Morning didn't arrive in the mist. It happened in layers—cold first, then sound, then the slow return of color, as if the world were deciding what it was willing to reveal.
Null opened his eyes to gray. Not sky-gray. Not cloud-gray. Mist-gray—thick enough that distance felt theoretical.
Their camp sat at the edge of it, just where the forest stopped pretending to be normal. The fire had burned down to a ring of dull coals. The air tasted faintly metallic, like someone had shaved iron into the wind.
Zwei stretched with a groan that was half complaint, half performance. "I swear this forest charges rent for breathing."

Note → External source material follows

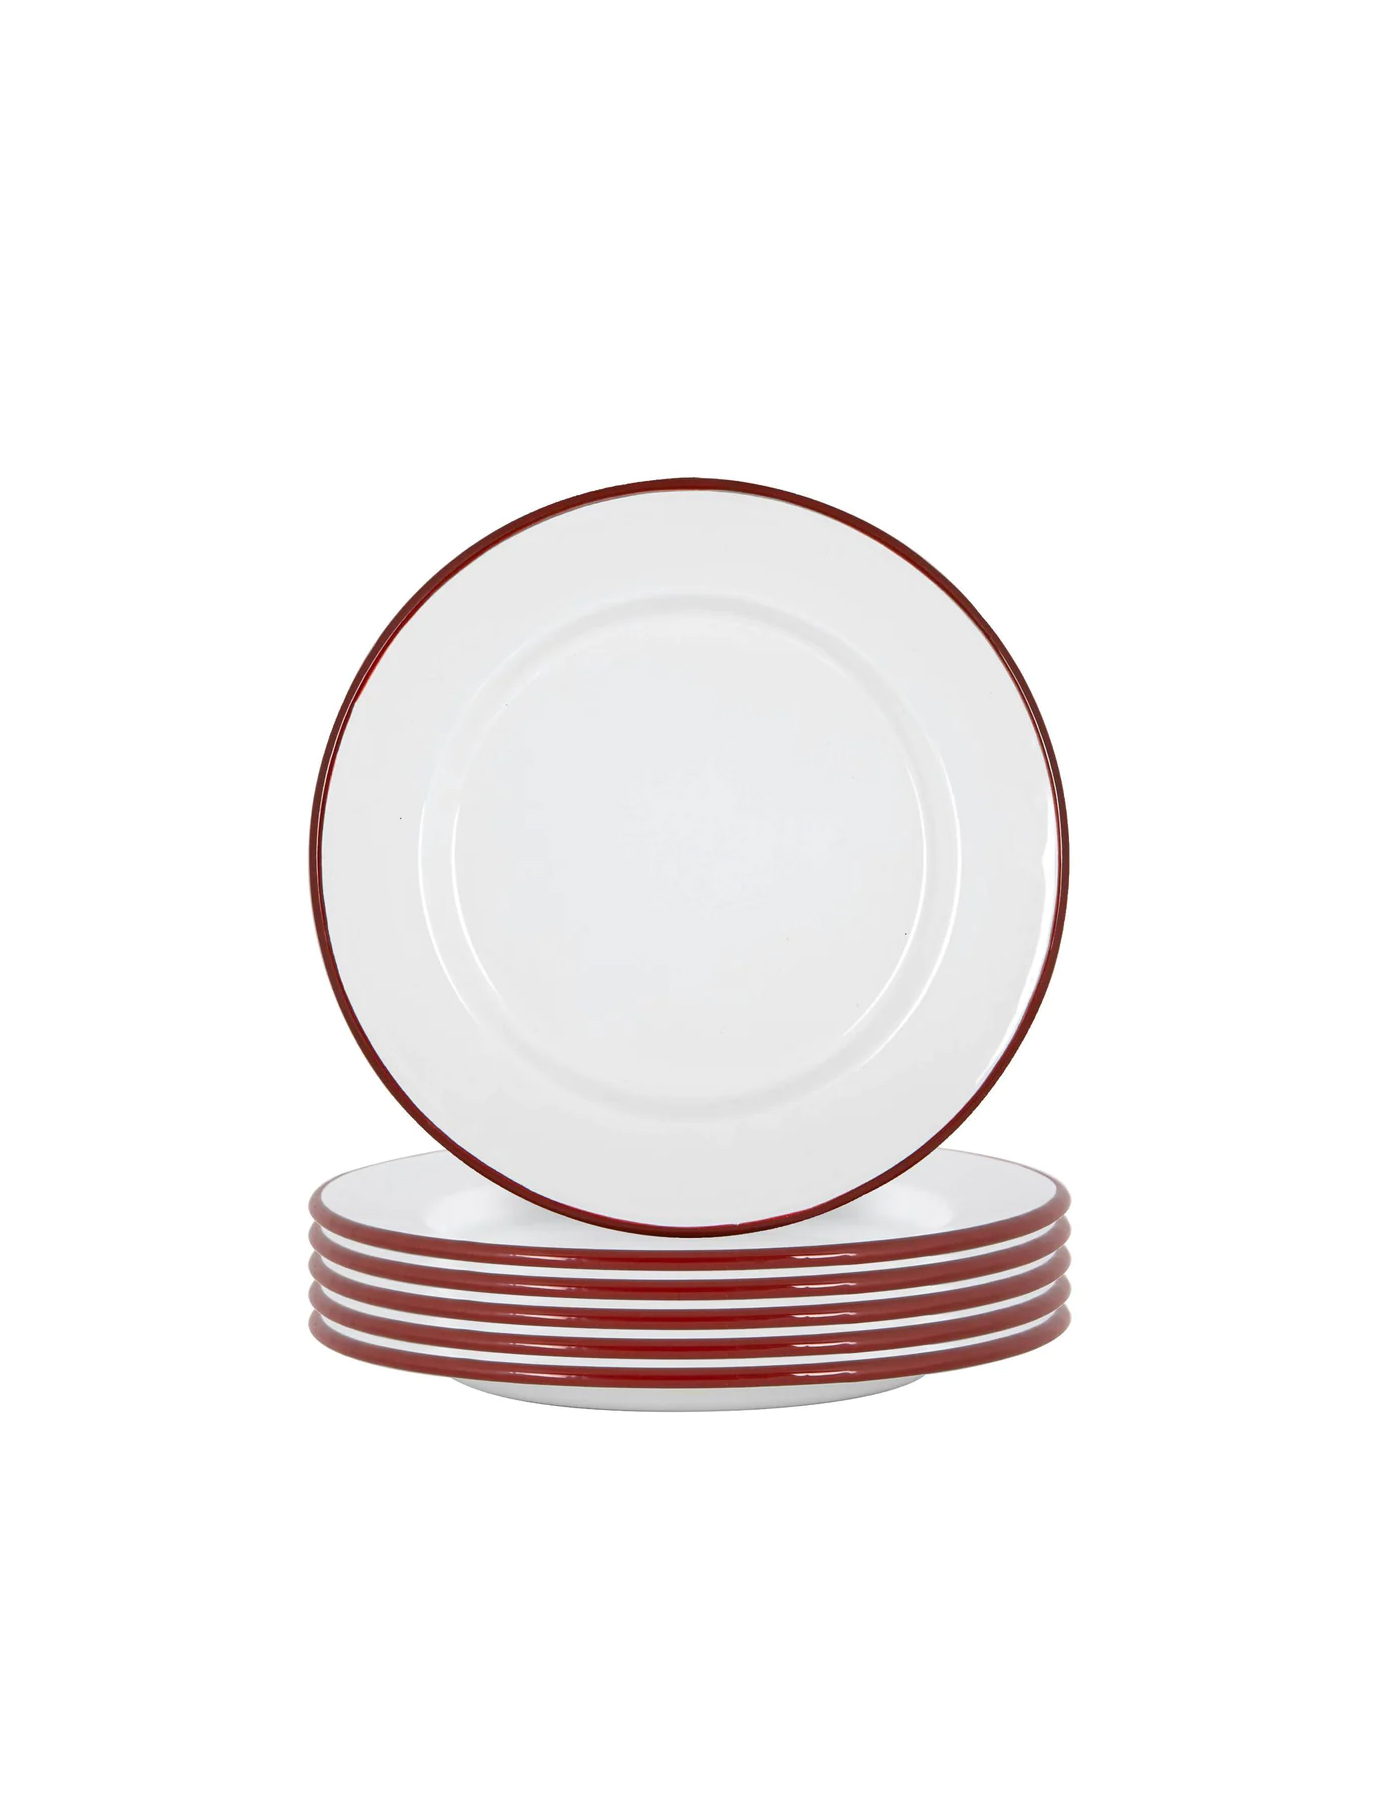 Set of 6 Burgundy Red Rimmed Enamel Dinner Plates, 25cm

Eins was already standing, checking straps, checking their bearings, checking how the mist moved around his boots, like it recognized him and didn't like it.

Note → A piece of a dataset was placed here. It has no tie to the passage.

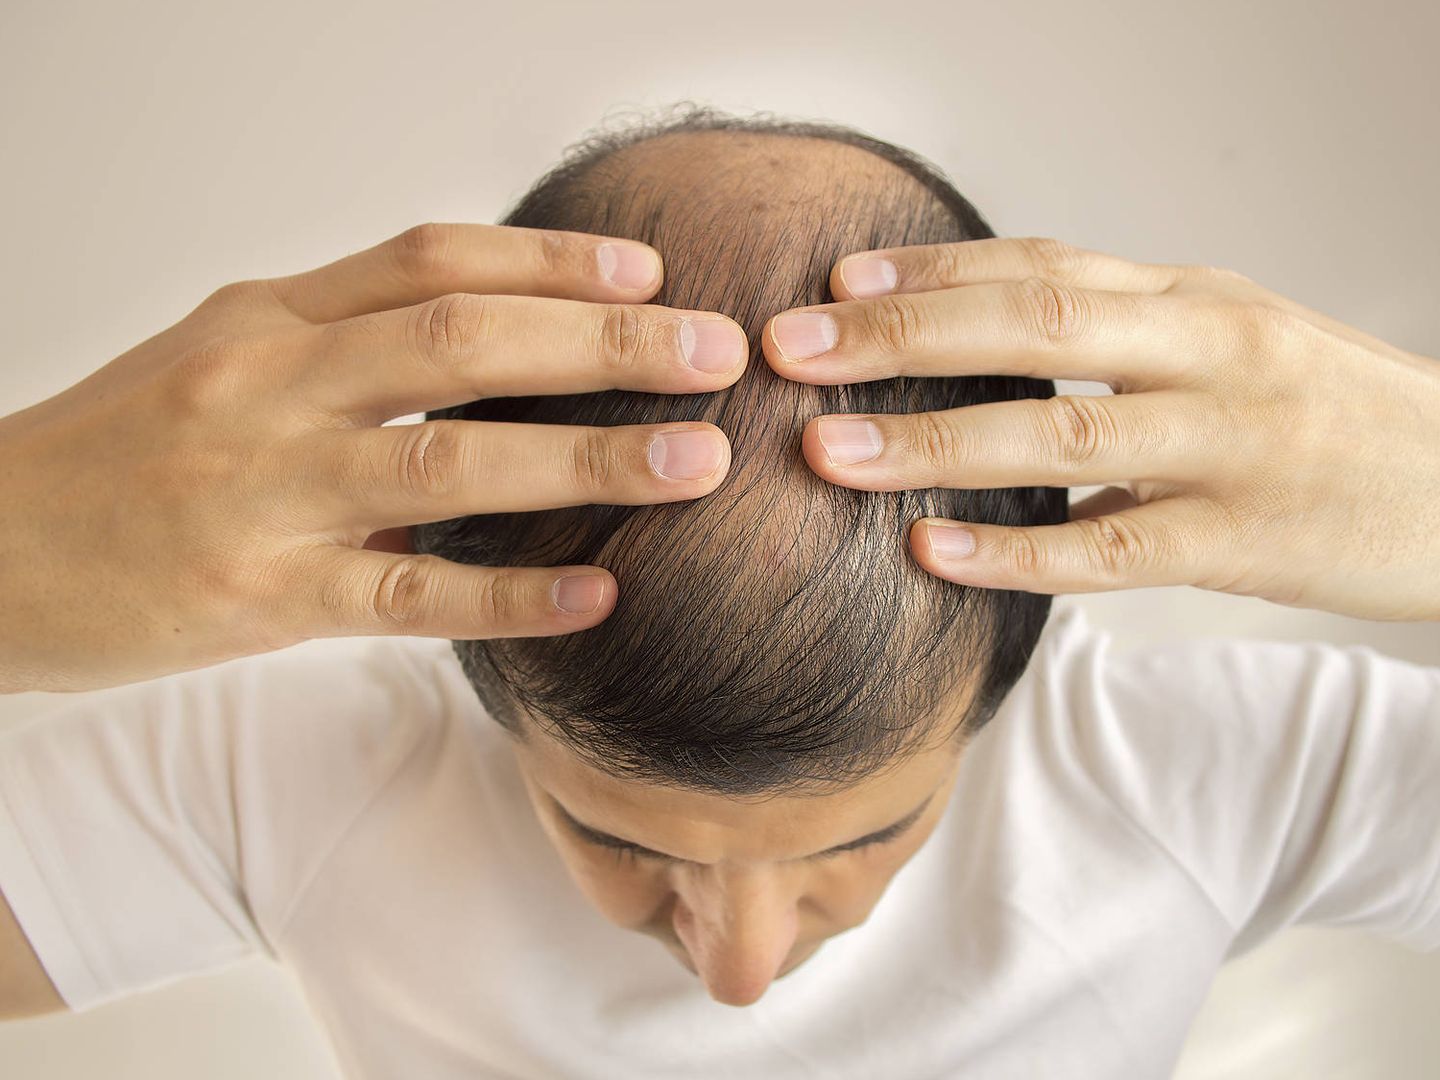 close up of man controls hair loss

Blitz wasn't here. That absence sat in Null's chest in a quiet, weighty way. Not guilt. Not regret. A missing step in a pattern.

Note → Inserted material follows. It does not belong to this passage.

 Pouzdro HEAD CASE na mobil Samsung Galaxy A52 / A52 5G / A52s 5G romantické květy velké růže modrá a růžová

Eins looked back once. "Up."
No speech about strategy. No warning. Just the same tone he used when steel was hot and time mattered.
They packed in silence and stepped toward the curtain.
Zwei slowed at the edge, peering into the whiteness. "So this is the barrier. Cute."
"It's not cute," Eins said.
Null watched the boundary as if it were a door someone had forgotten to install. The mist didn't swirl. Didn't beckon. It waited.
They crossed.
For a heartbeat, everything went wrong in a very quiet way. Static crawled across Null's teeth. Pressure slid behind his eyes. The air thickened, then snapped—like stepping through a membrane. His stomach lurched as if gravity had briefly reconsidered him.
Zwei swore under his breath.
Eins didn't react at all. He just kept walking.
And then the mist ended. Not gradually. Not politely. It was like a wall behind them.
Ahead lay a clearing that shouldn't exist this deep in unmarked woods—wide, level, deliberately made. Morning light spilled into it cleanly, caught on dew, and turned the grass into a pale shimmer.
A compound sat in the center. Not a farm. Not a village. A sanctuary wearing the bones of a ranch.
There were stables—but the doors were reinforced with iron bands and ward-etchings, built to hold something that kicked harder than horses. There were paddocks—empty now—fences scored with claw marks and splintered in places like something had tested them and won. Feeding stations stood at odd heights and sizes, some low and wide, some tall enough to accommodate a neck that wasn't meant for cattle.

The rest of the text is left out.